Zürafaların davranışları

İçindekiler:

Anonim

Popüler kültürdeki bu tür ikonik hayvanlar olarak, zürafa davranışının kapsamlı bir şekilde incelendiğini düşünürsünüz. Ancak, onlar hakkında kapsamlı bir bibliyografya yok ve yakın zamana kadar etiolojilerini derinlemesine inceleyen neredeyse hiçbir çalışma yoktu.

Bu devleri biraz daha yakından tanımak isterseniz en önemli özelliklerini ve davranışları hakkında şimdiye kadar bilinenleri burada bulabilirsiniz. Gözlem açısından diğer türlerin gerisinde olsalar da kaçırmayın, çünkü yine de büyüleyici hayvanlar.

zürafaların özellikleri

Şu anda tümü Giraffa cinsine ait, Giraffidae familyası içinde ve Artiodactyla takımında sınıflandırılan 4 zürafa türü tanınmaktadır. Bu türler Giraffa camelopardalis, Giraffa reticulata, Giraffa giraffa ve Giraffa tippelskirchi'dir.

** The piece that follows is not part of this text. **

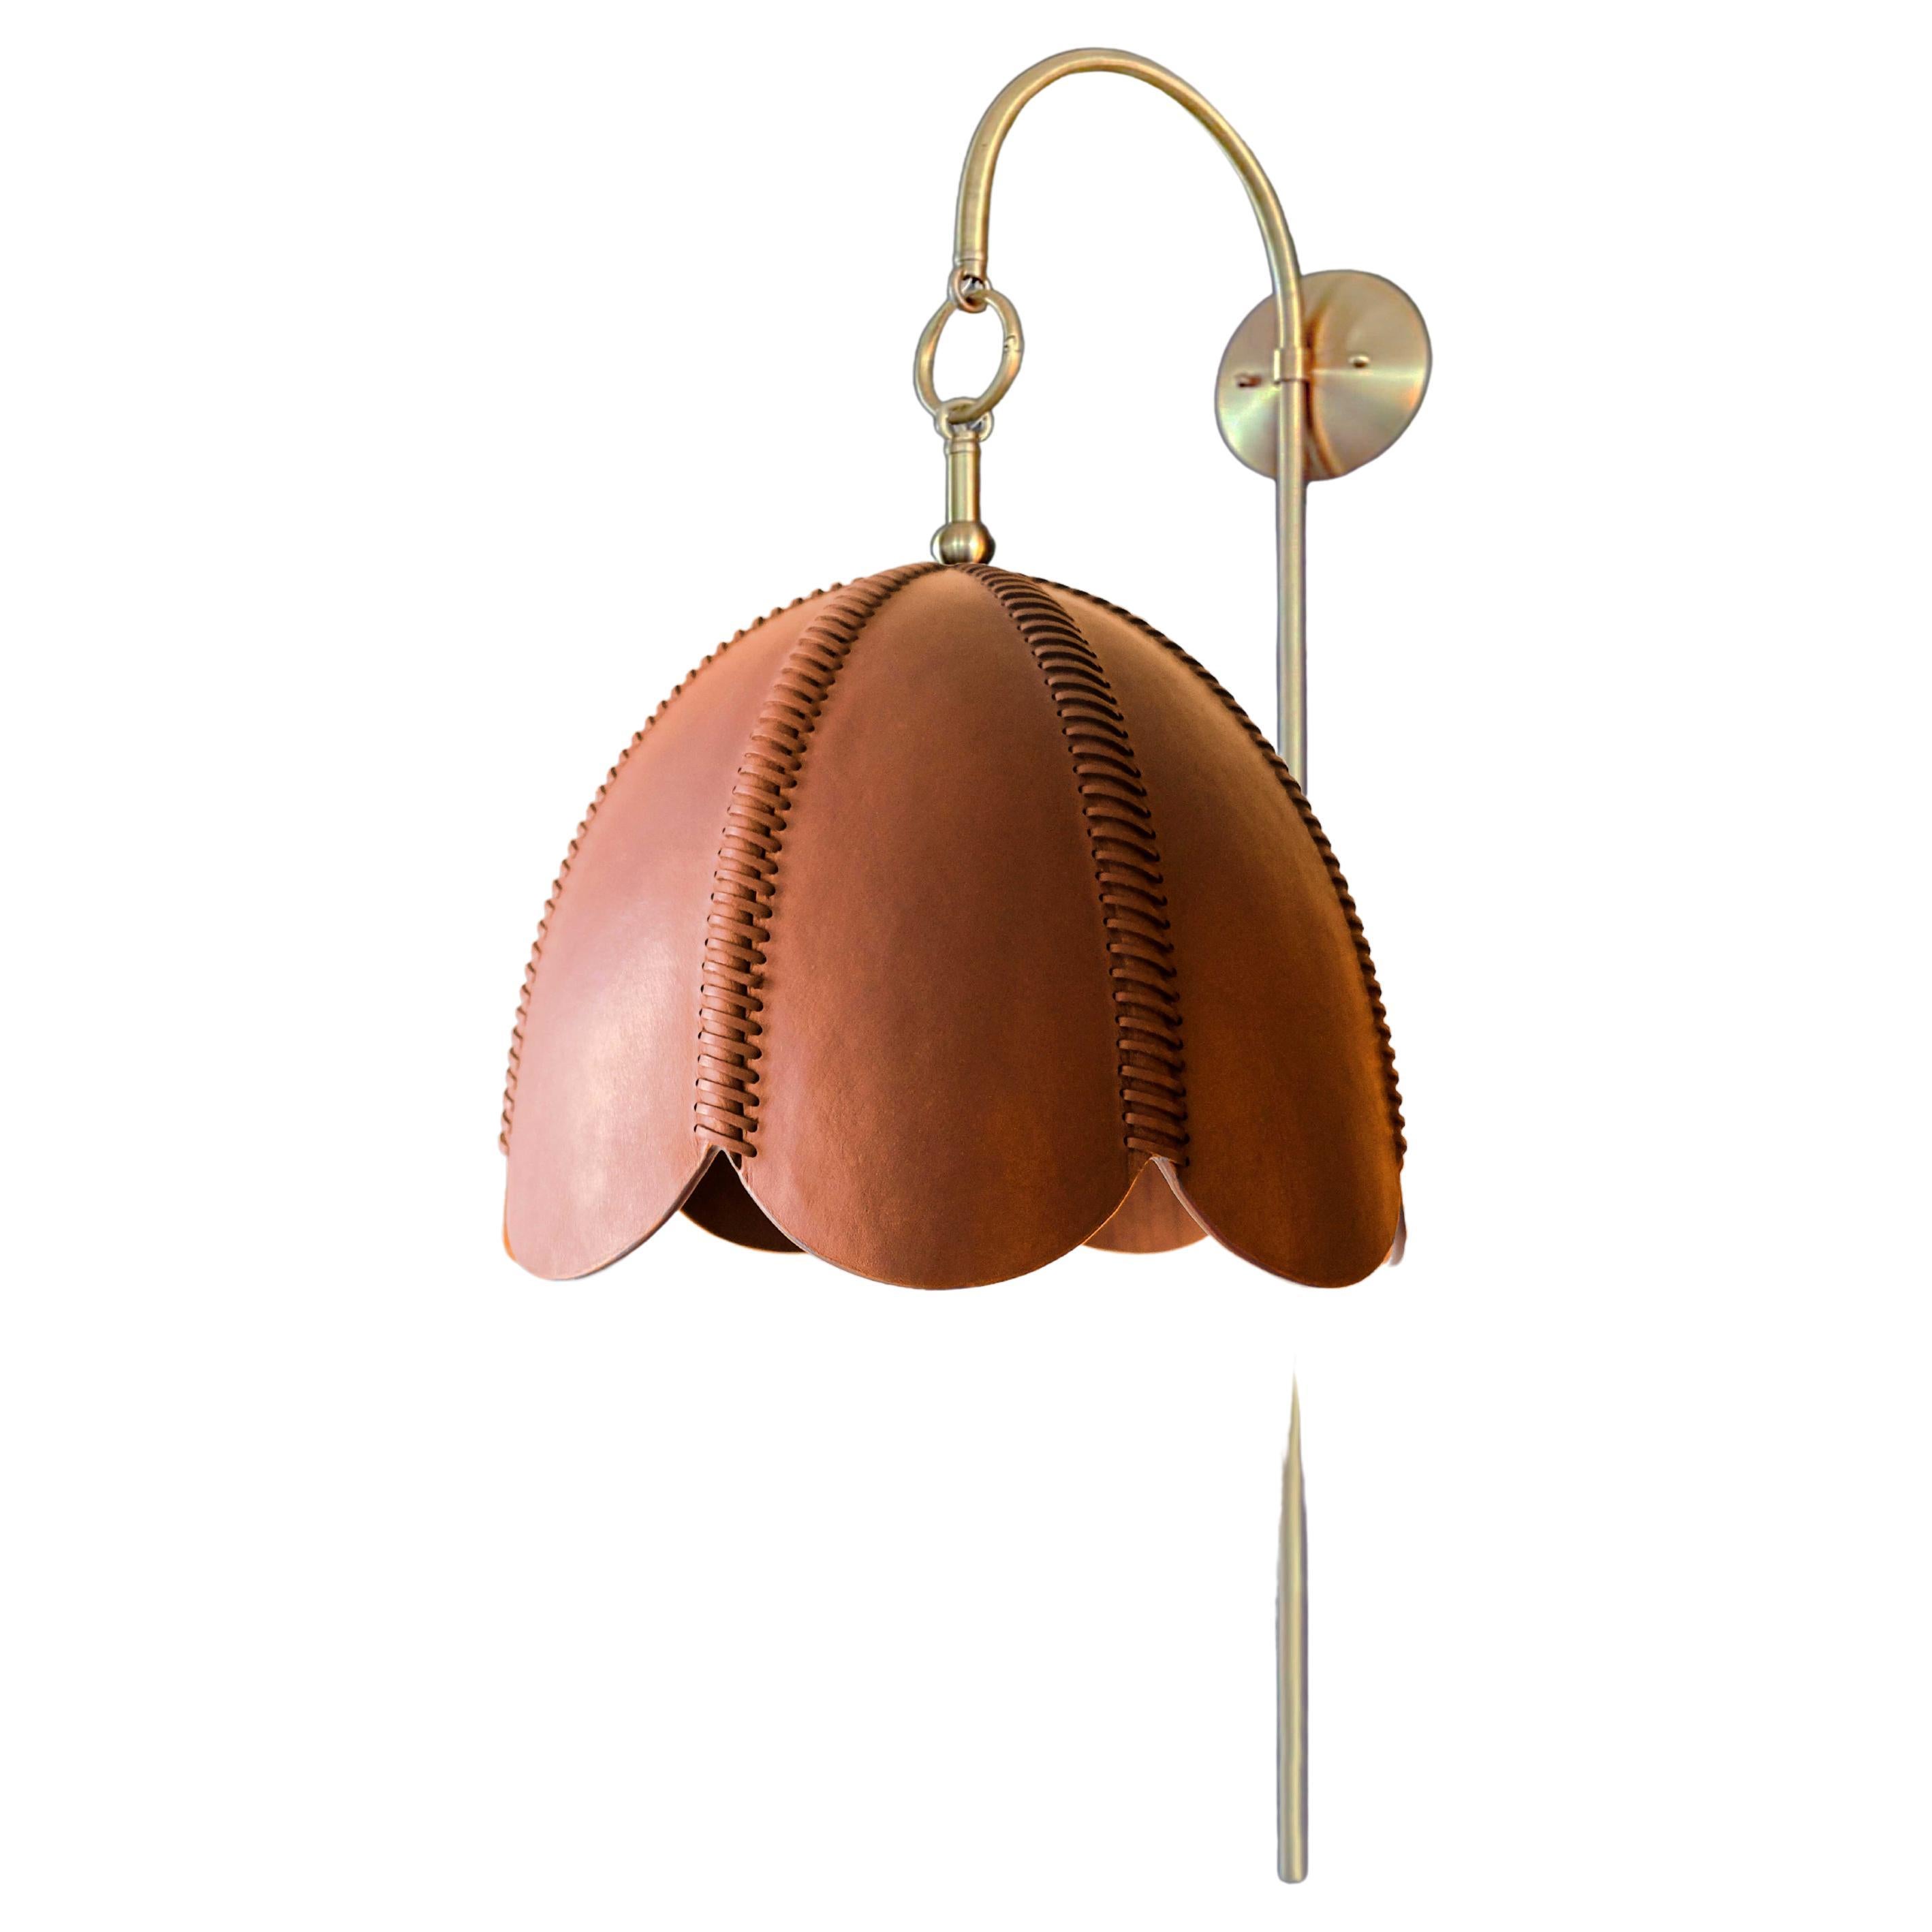 Leather Arched Sconce, Camel, Large, Doma, Saddle Lamp Collection For Sale

Zürafa dünyanın en uzun memelisidir. Erkekler yaklaşık 5,7 metre ve dişiler biraz daha kısa, yaklaşık 4,5 metredir. Ağırlık ile ilgili olarak, erkekler yaklaşık 2 ton vücut kütlesine ulaşabilirken, dişiler yaklaşık 1.200 kilogramda kalır.

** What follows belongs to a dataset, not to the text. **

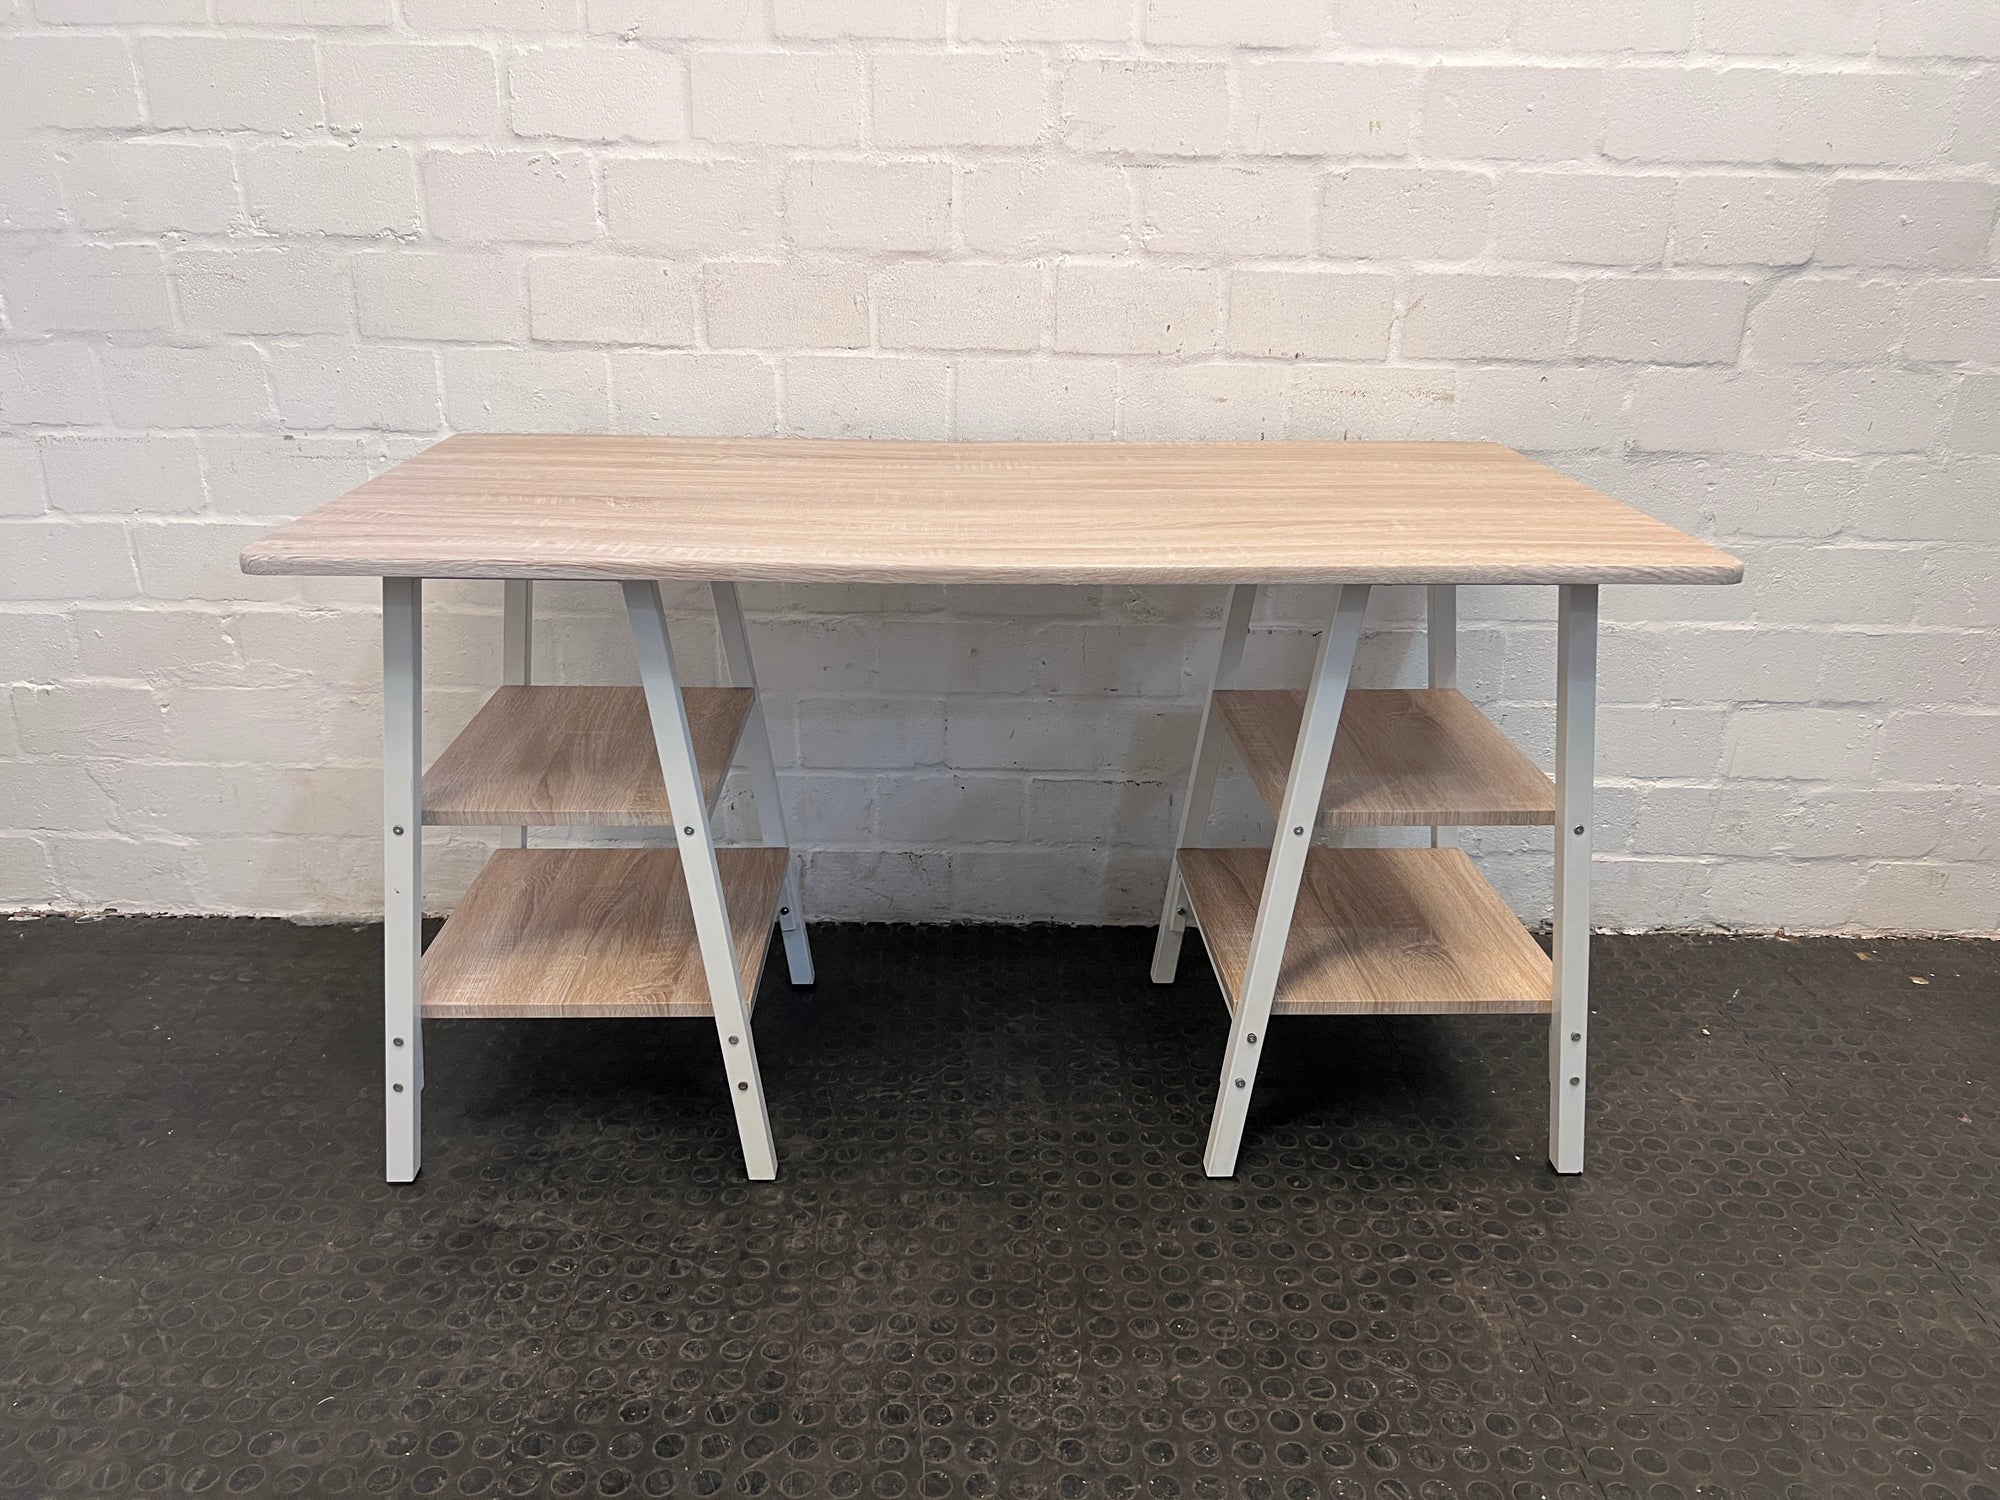 Light Wood Print Office Desk with Steel Legs and Shelves

Zürafalar, mevcut kaynaklara bağlı olarak değişen sayıda popülasyonda bulundukları Afrika kıtasına dağılmıştır. Özellikle Sahra'nın güneyinden doğu Transvaal, Natal ve kuzey Botsvana'ya kadar bulunabilirler.

Zürafalar, Nijer'de kalan bir nüfus dışında Batı Afrika'nın çoğundan kayboldu.

Zürafalar yaprak, çiçek, bakla ve meyvelerle beslenirler ama asıl besinleri akasya yapraklarıdır. Bunlar dikenli ağaçlardır, ancak bu hayvanın kalın dudakları - kalın tükürük ve güçlü azı dişleri ile birlikte - yapraklarını delmeden veya kesmeden sakince çiğnemesine izin verir.

Zürafa Karakteri

Yırtıcı hayvanların azlığı ve ağaç tepelerinde beslenebilmeleri onları savanın tehlikelerinin çoğundan kurtardığından, sakin karakterli ve çok az bölgeci hayvanlardır. Erkeklerin çiftleşmesi için yapılan kavgaların ötesinde büyük çatışmalar olmadan bir grup halinde yaşayabilen, sürü halinde yaşayan ve günlük yaşayan memelilerdir.

Zürafa İletişimi

İlk başta ses çıkarmayan tek hayvan olduğu düşünüldü, ancak daha sonra durumun böyle olmadığı anlaşıldı: zürafalar birbirleriyle infrasound yoluyla iletişim kurar. Diğer zamanlarda nasıl homurdandıklarını veya tıslamaya benzer sesler çıkardıklarını duyabilirsiniz.

Bir zürafa alarma geçtiğinde diğerlerini uyarmak için homurdanır veya homurdanır. Anneler yavrularını çağırmak için karakteristik bir ıslık çalar, ancak görülmezlerse yüksek sesle ses çıkarabilirler ve bebekler buna melemeye benzer seslerle yanıt verir.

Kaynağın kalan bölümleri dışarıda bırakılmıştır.